» **TASK MATERIAL**:

┏━━

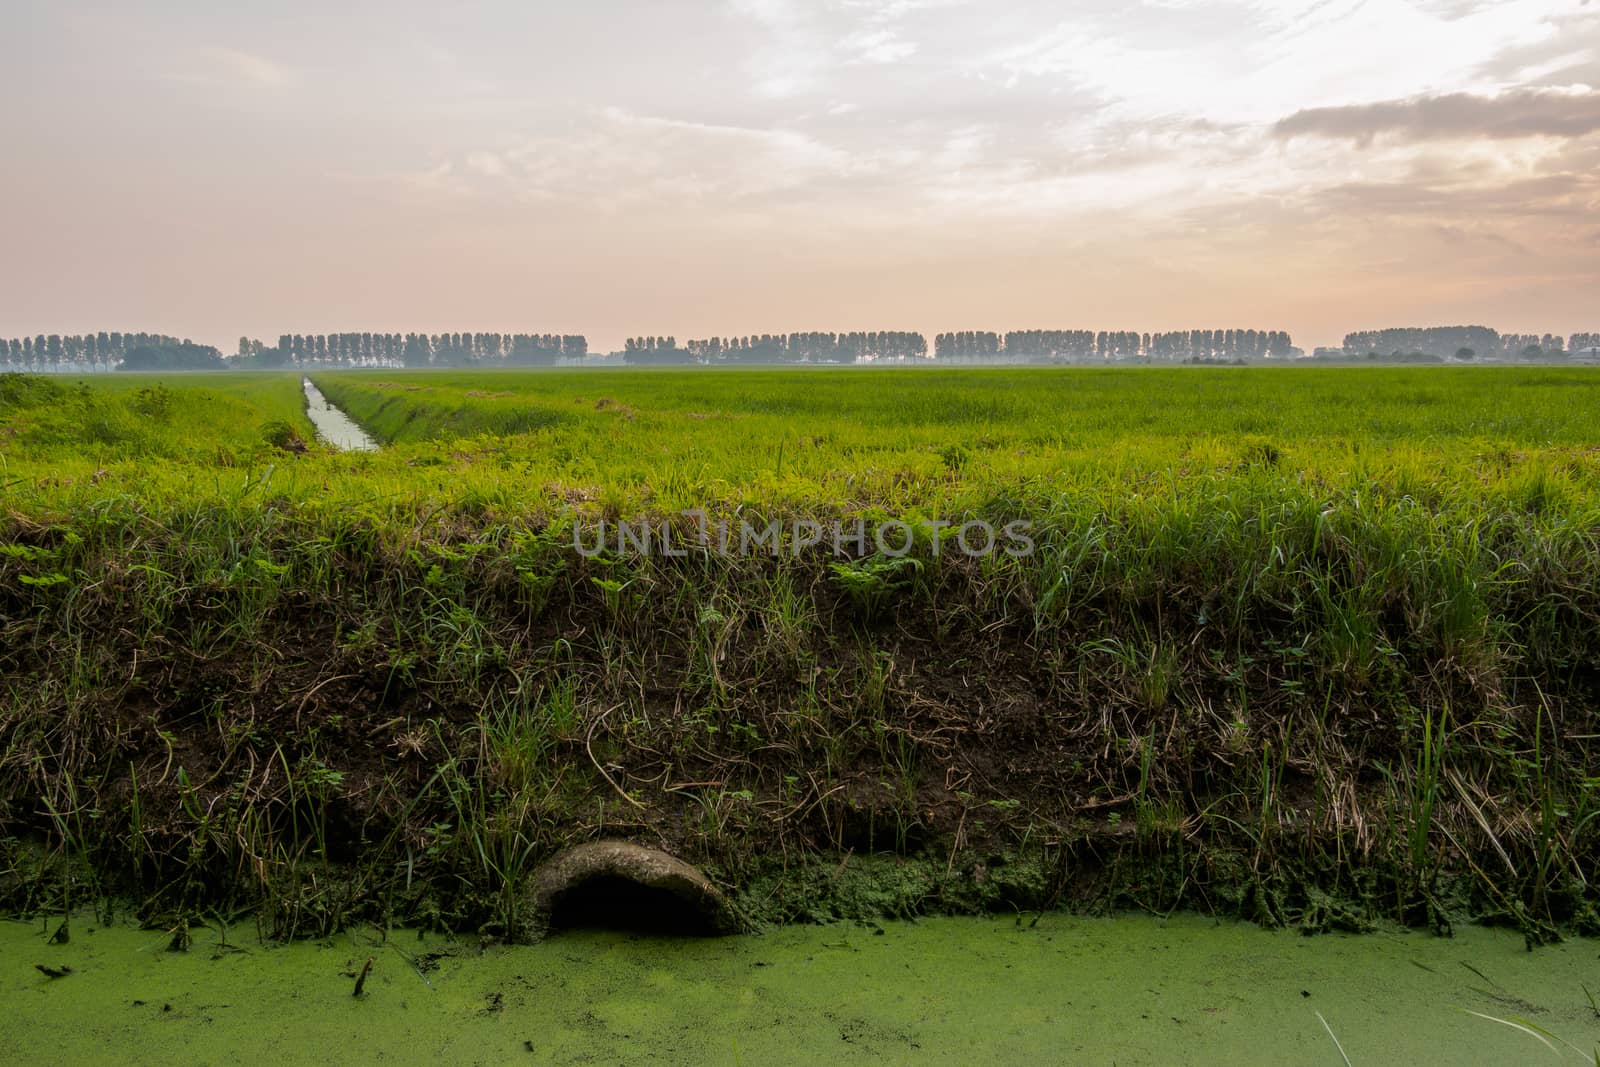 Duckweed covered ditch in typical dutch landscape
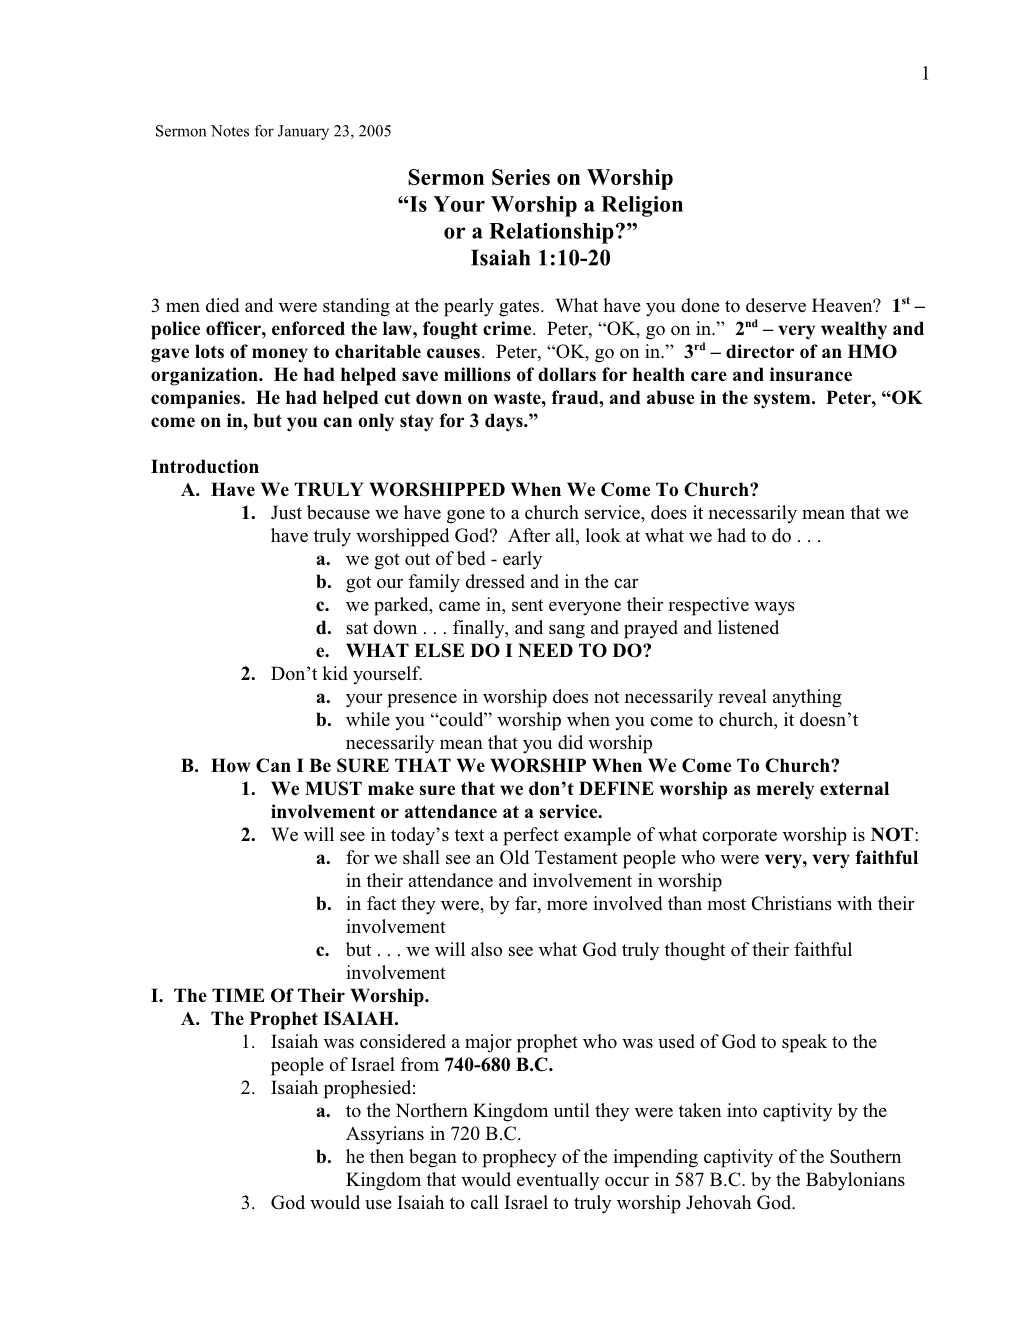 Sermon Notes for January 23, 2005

┗━━
┏━━

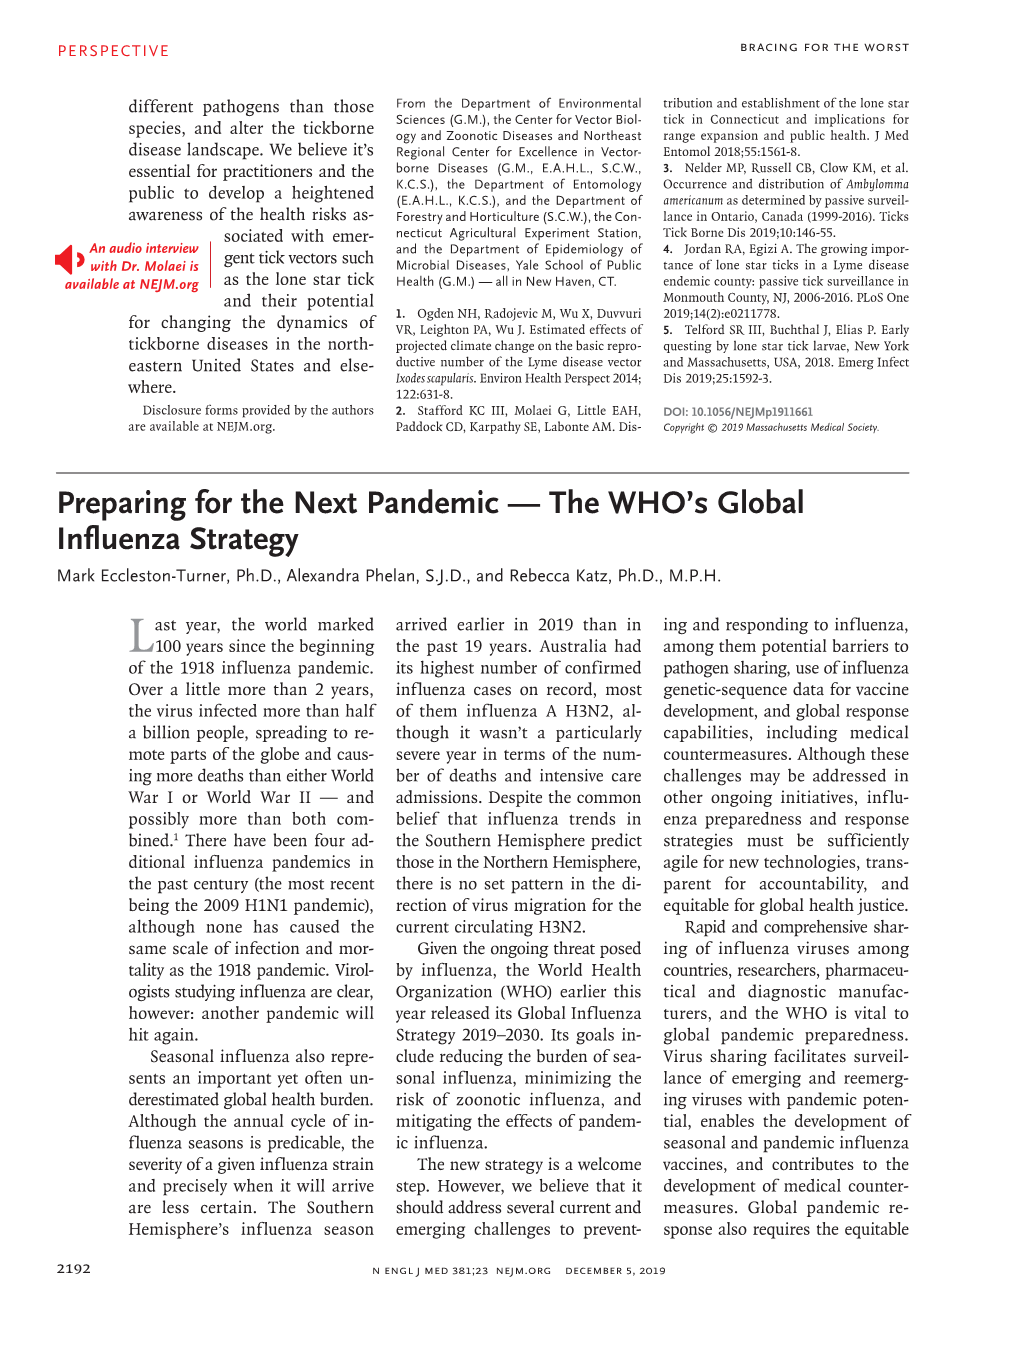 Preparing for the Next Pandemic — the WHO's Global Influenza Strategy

┗━━

Extract the part of the records that opens with the line containing "Duckweed covered ditch" and closes with the line containing "Sermon Notes for January 23, 2005". Take only those lines, exactly, and no pictures.

» **SOLUTION BELOW**:
 Duckweed covered ditch in typical dutch landscape
 Sermon Notes for January 23, 2005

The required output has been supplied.